Each data element 3422 is typically associated with a single domain
3414. However, multiple data elements 3422 can be associated with a
particular domain 3414. Although not shown, multiple elements of a
table 3418 can be associated with the same data element 3422, or
can be associated with different data elements having the same
domain 3414. Data elements 3422 can serve, among other things, to
allow a domain 3414 to be customized for a particular table 3418.
Thus, the data elements 3422 can provide additional semantic
information for an element of a table 3418.

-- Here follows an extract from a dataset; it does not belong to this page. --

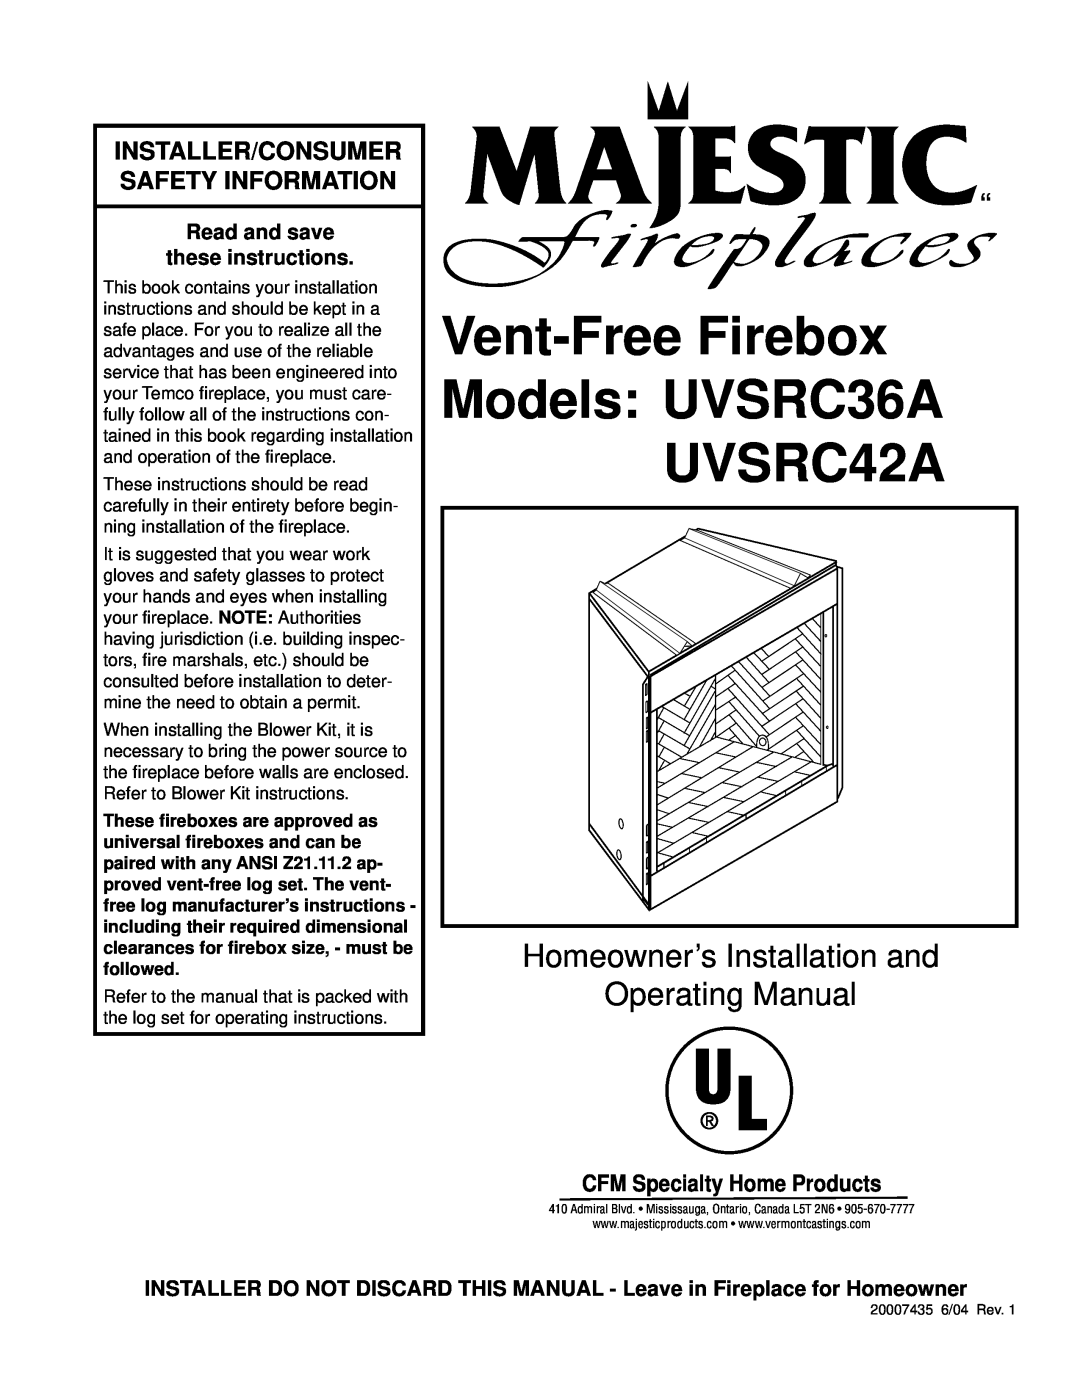 Majestic Appliances UVSRC42A installation instructions CFM Specialty Home Products, Read and save these instructions 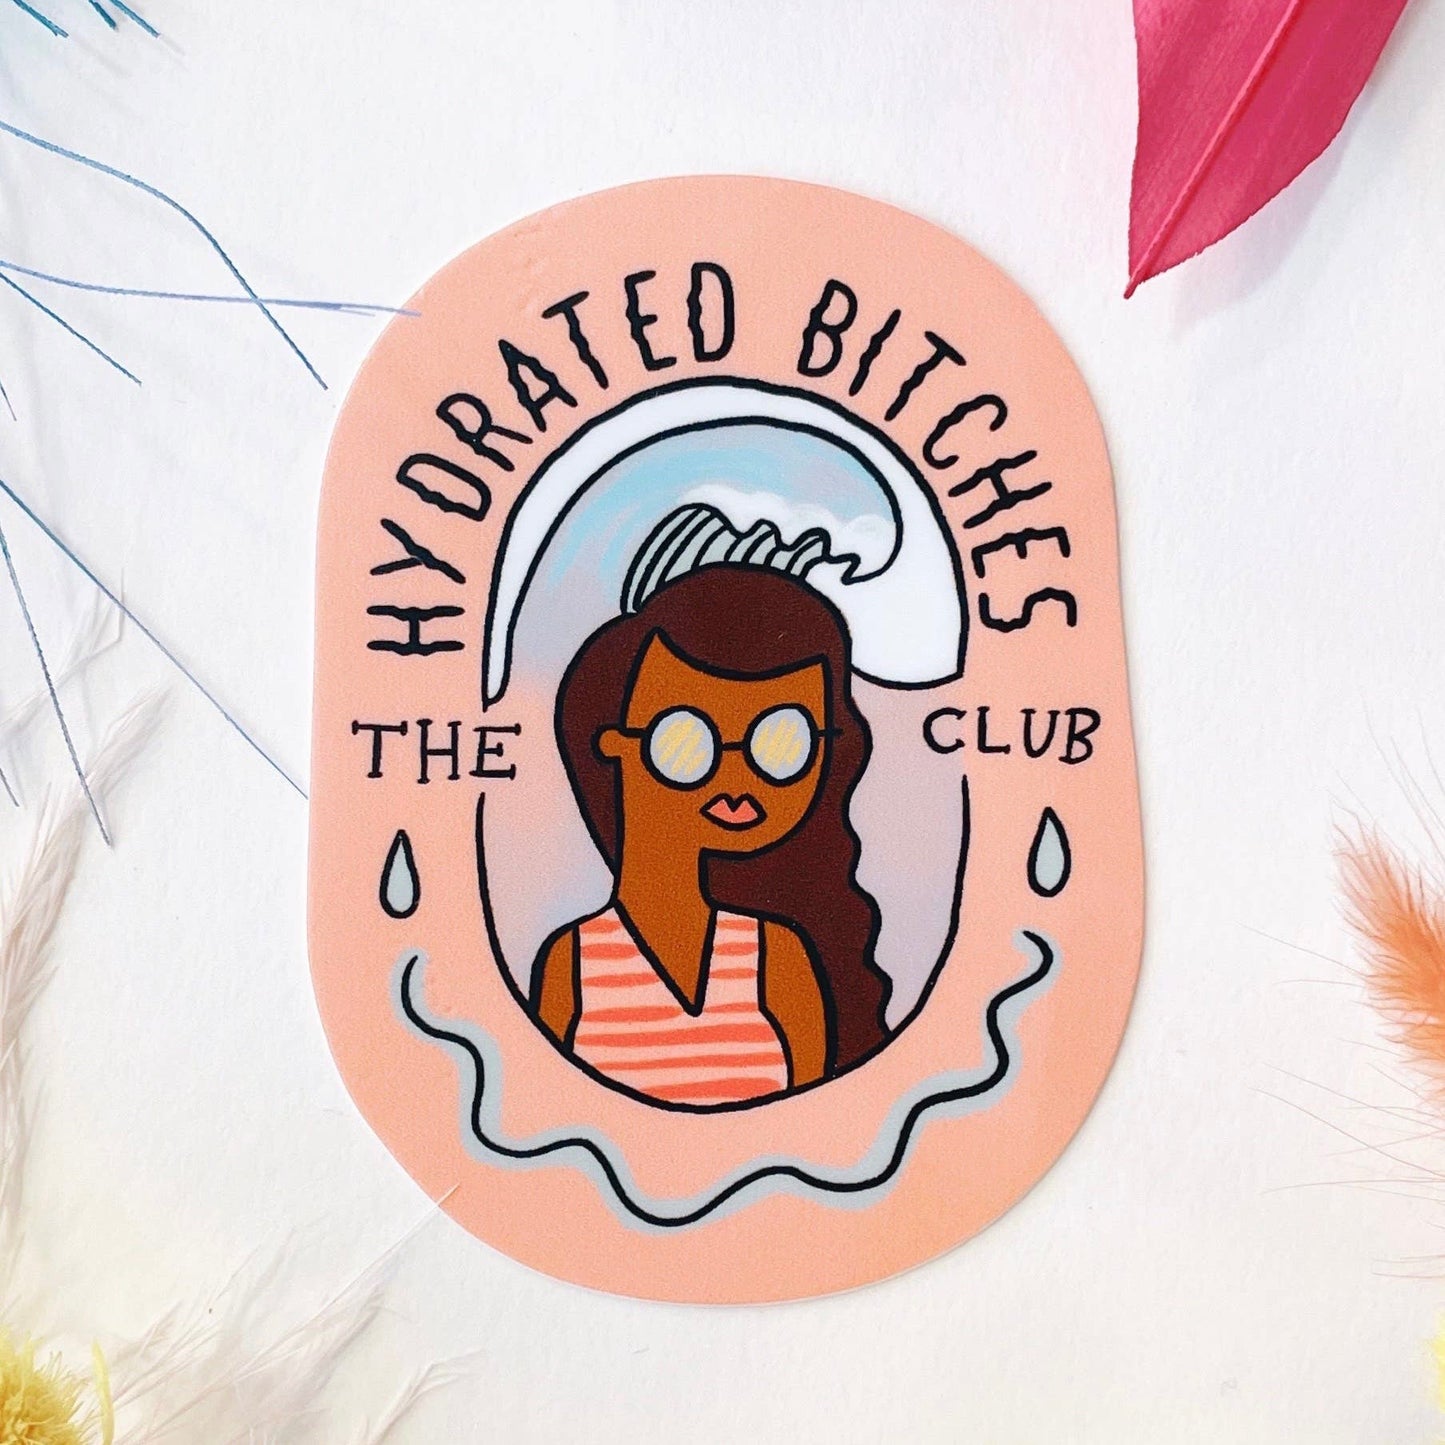 The Hydrated Bitches Club Sticker

[0275] Tables 3418 include one or more fields 3426, at least a
portion of which are mapped to data elements 3422. The fields 3426
can be mapped to a schema of a database layer, or the tables 3418
can be mapped to a database layer in another manner. In any case,
in some embodiments, the fields 3426 are mapped to a database layer
in some manner Or, a database schema can include semantic
information equivalent to elements of the schema 3400, including
the domains 3414.
[0276] In some embodiments, one or more of the fields 3426 are not
mapped to a domain 3414. For example, the fields 3426 can be
associated with primitive data components (e.g., primitive
datatypes, such as integers, strings, Boolean values, character
arrays, etc.), where the primitive data components do not include
semantic information. Or, a database system can include one or more
tables 3418 that do not include any fields 3426 that are associated
with a domain 3414. However, the disclosed technologies include a
schema 3400 (which can be separate from, or incorporated into, a
database schema) that includes a plurality of tables 3418 having at
least one field 3426 that is associated with a domain 3414,
directly or through a data element 3422.
Example 27--Example Data Dictionary
[0277] Schema information, such as information associated with the
schema 3400 of FIG. 34, can be stored in a repository, such as a
data dictionary. As discussed, in at least some cases the data
dictionary is independent of, but mapped to, an underlying
relational database. Such independence can allow the same database
schema 3400 to be mapped to different underlying databases (e.g.,
databases using software from different vendors, or different
software versions or products from the same vendor). The data
dictionary can be persisted, such as being maintained in a stored
tables, and can be maintained in memory, either in whole or part.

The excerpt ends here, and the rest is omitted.